┏━━

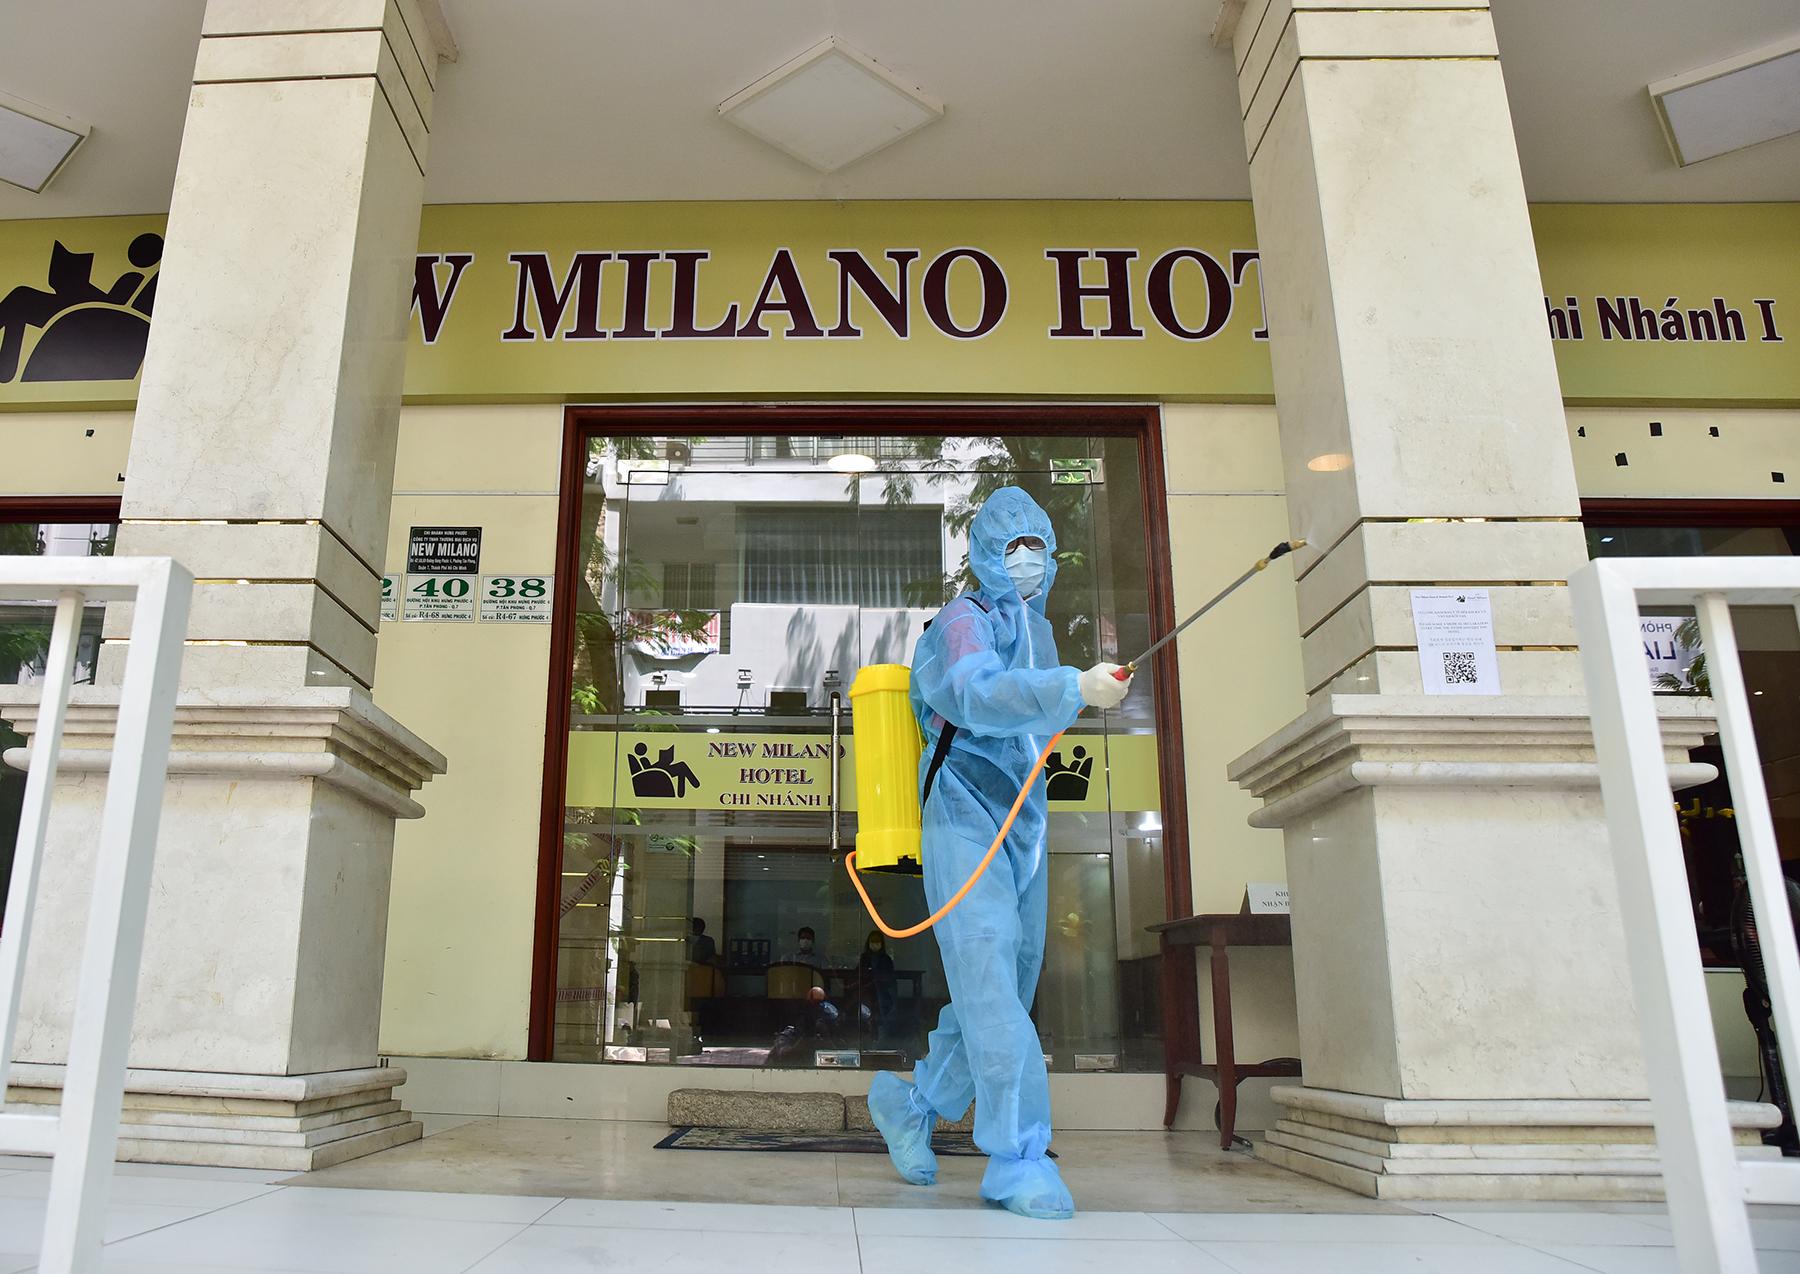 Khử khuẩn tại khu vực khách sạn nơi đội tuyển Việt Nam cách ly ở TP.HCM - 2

┗━━
┏━━

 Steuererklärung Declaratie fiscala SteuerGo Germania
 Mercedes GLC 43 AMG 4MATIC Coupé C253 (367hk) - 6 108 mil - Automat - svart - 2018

┗━━
┏━━

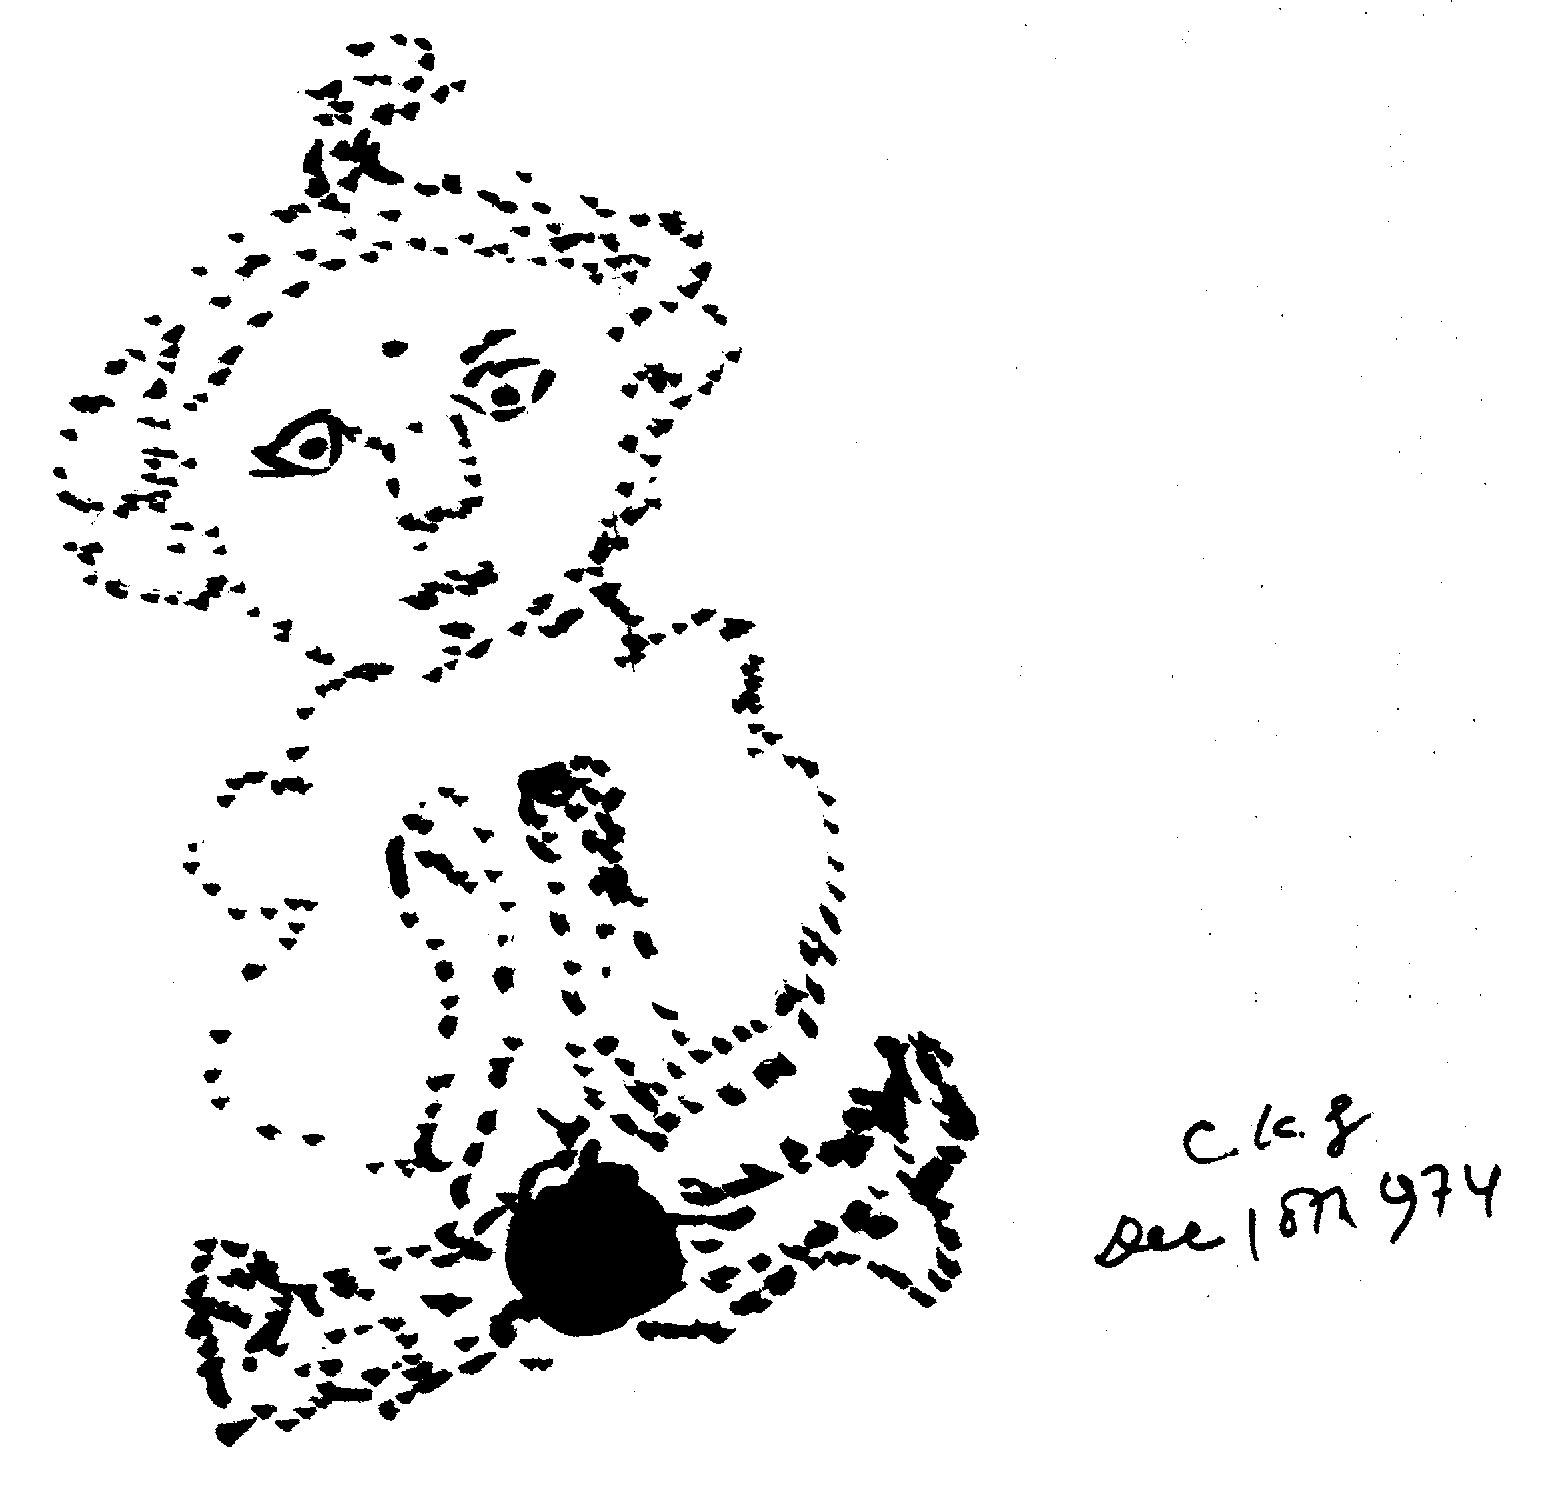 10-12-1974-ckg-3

┗━━

### [Try it]
Taking the line with "Steuererklärung Declaratie fiscala" as the first and the line with "Mercedes GLC 43" as the last, retype that stretch of the data above exactly, with no other lines.

### [Written answer]
 Steuererklärung Declaratie fiscala SteuerGo Germania
 Mercedes GLC 43 AMG 4MATIC Coupé C253 (367hk) - 6 108 mil - Automat - svart - 2018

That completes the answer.